My suspicion at this point is that this could be a concurrency issue. Looking at the MEI_PollIntPerVrxLine (which is called when using polling instead of interrupts), the call to MEI_ProcessIntPerVrxLine is protected by a lock there. The same function is also called in the interrupt handler, but without any locking. There is some code in MEI_ProcessIntPerVrxLine itself that checks the interrupt mask, and skips reading the mailbox if it is masked. But I don' think this is enough on a system with SMP.
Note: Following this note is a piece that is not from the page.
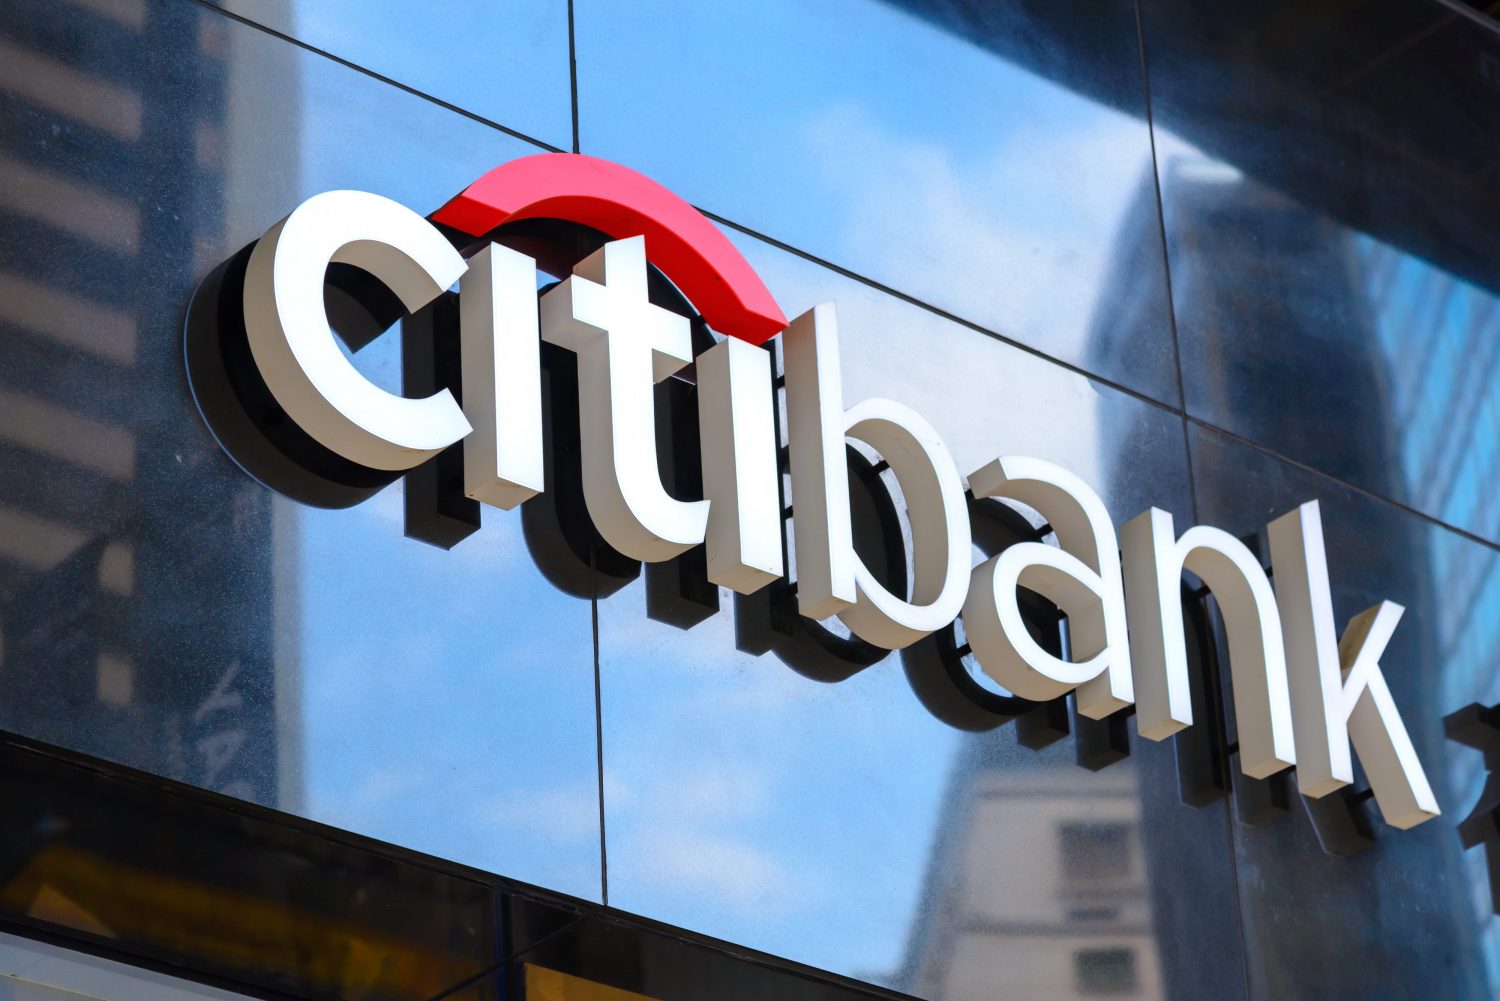 If you have been lucky enough to snag a new credit card with Citi Bank, you are front in line to get Citi Credit. Here's all you need to know.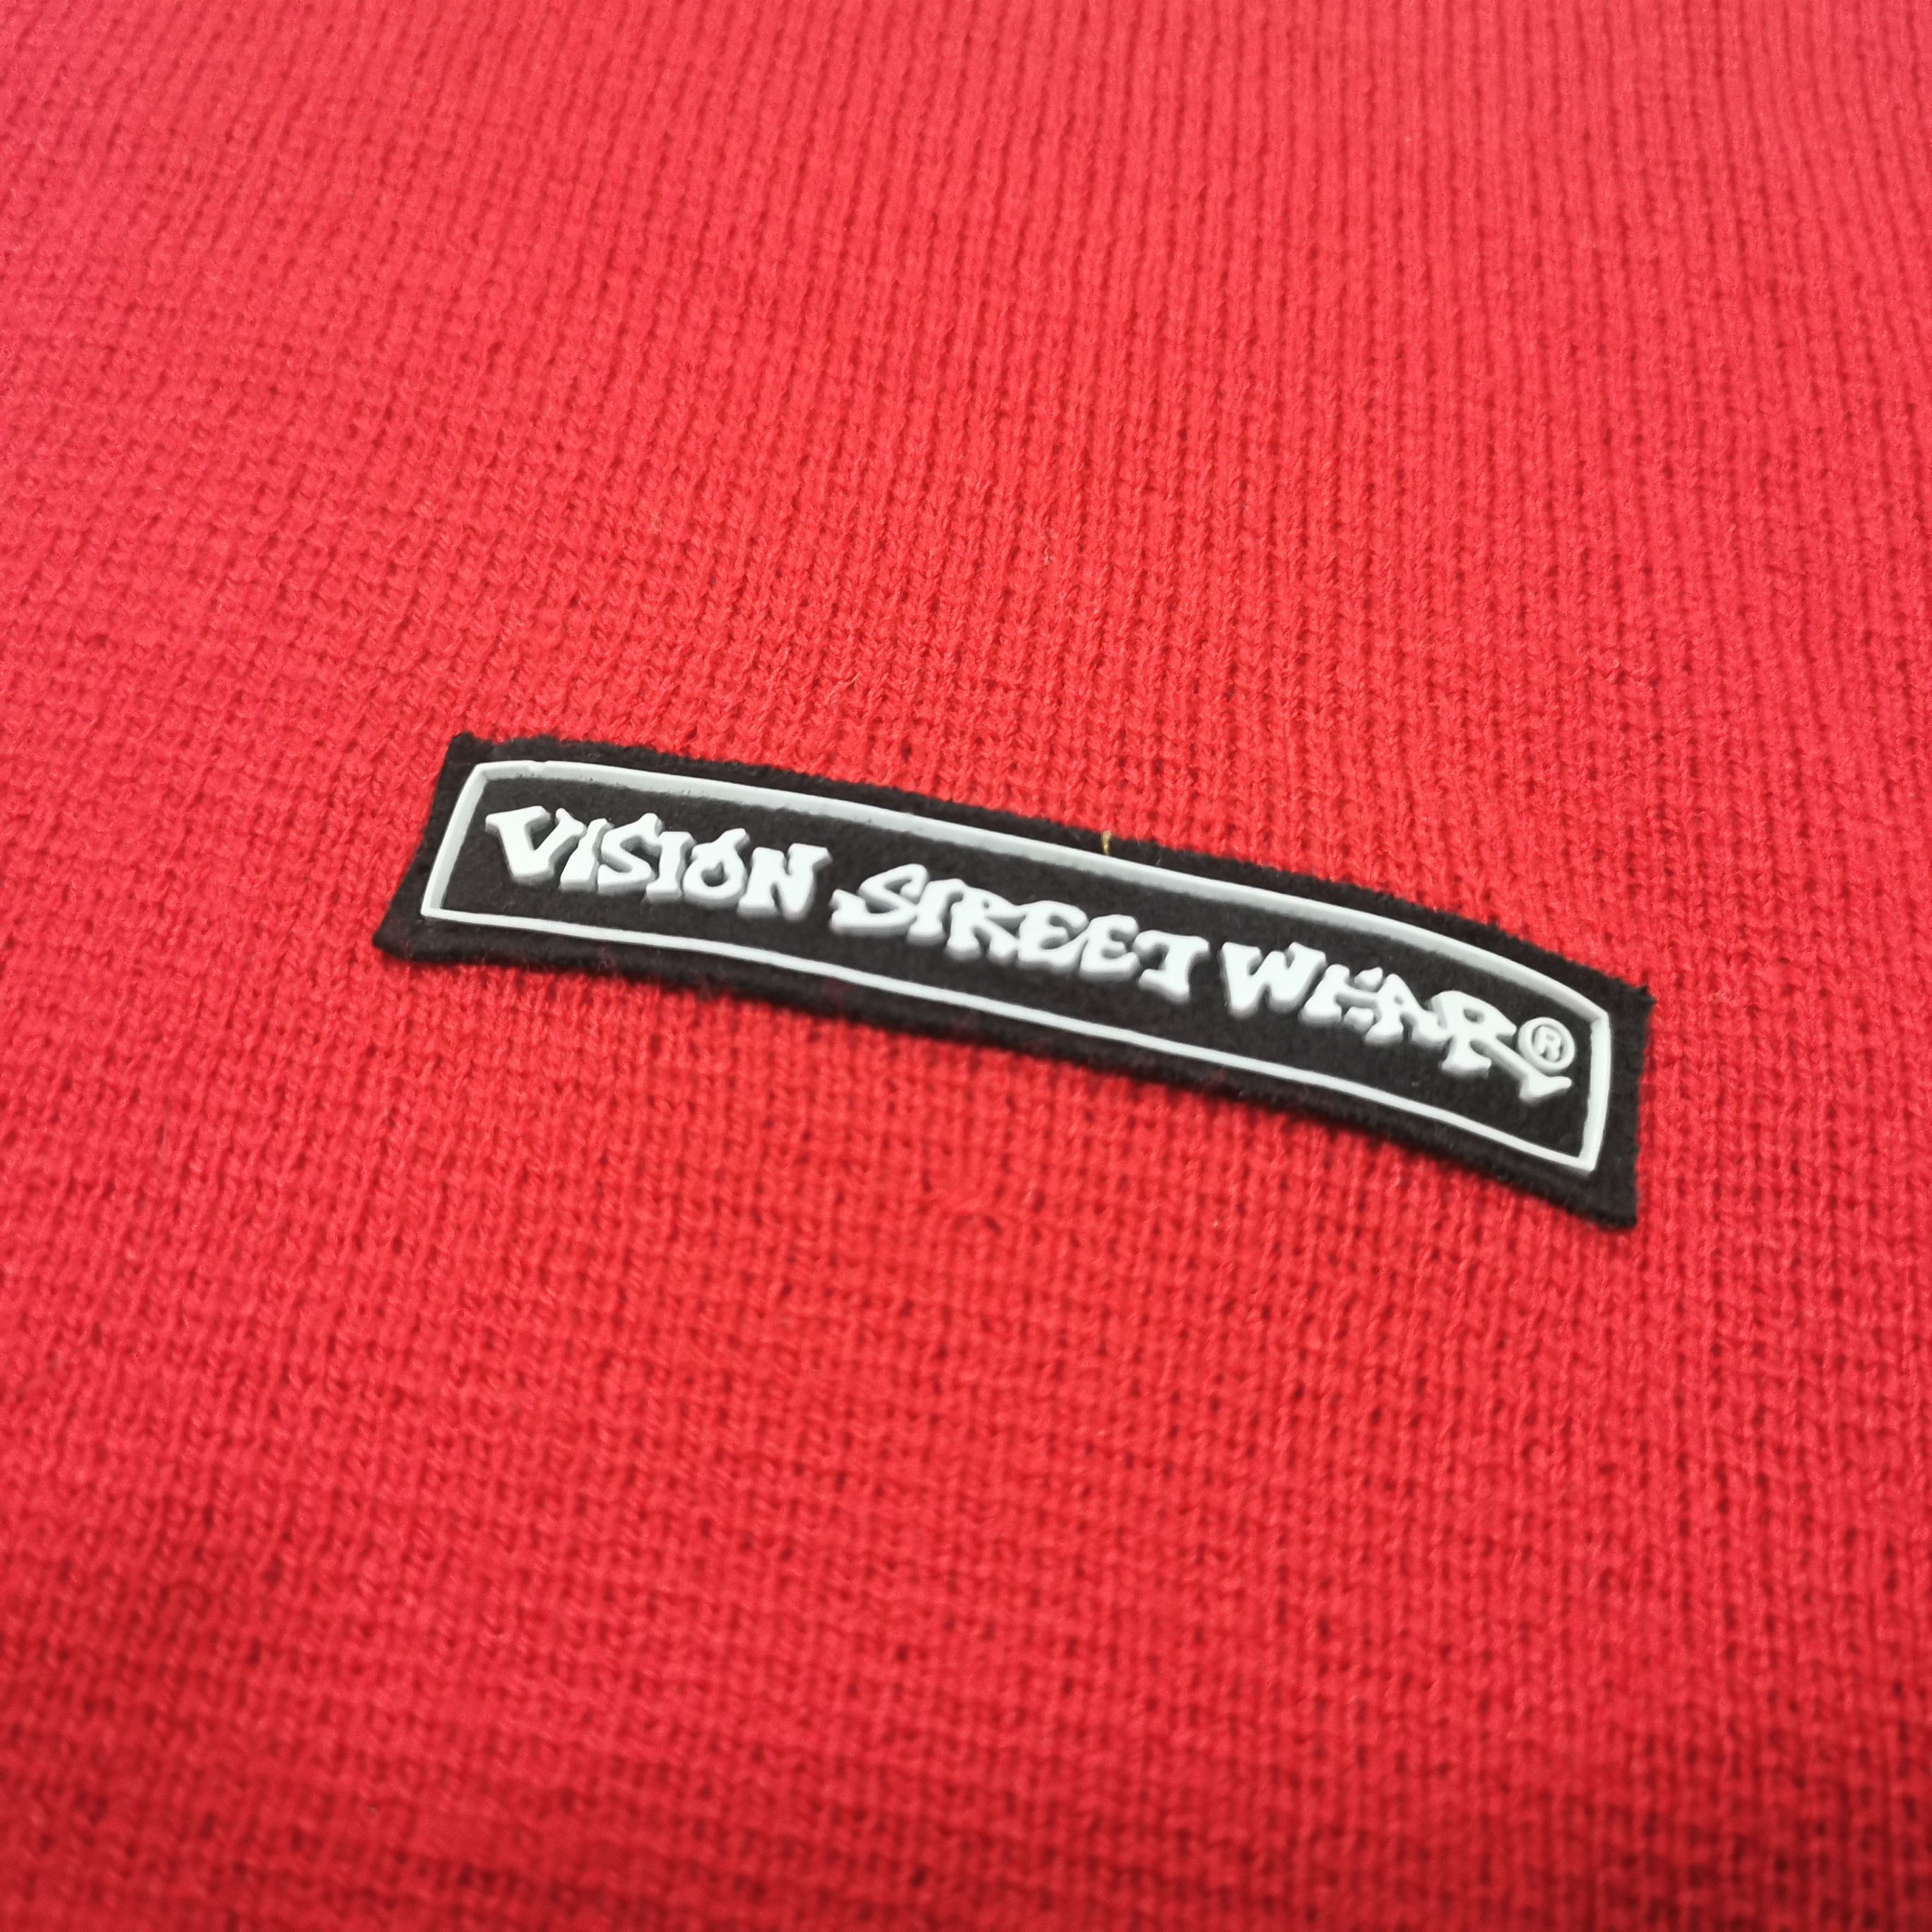 Vintage Vision Street Wear Knitted Sweaters - 3

Just adding locking to the interrupt handler is not a solution, though. The used lock is a semaphore, and it cannot be used in an interrupt handler, as locking it may sleep. So, assuming that my conclusion here is correct, switching to polling may actually be the most realistic fix for the issue (just that there is now an explanation why that helps).

Cool to see how you got that sorted out. This kernel debugging stuff is a bit over my head honestly, but interesting to read how you tackled this.

Then I wonder if this issue won't occur then on the VR11 you were working on ? And do you have any idea how does AVM implemented this functionality, do they use polling as well?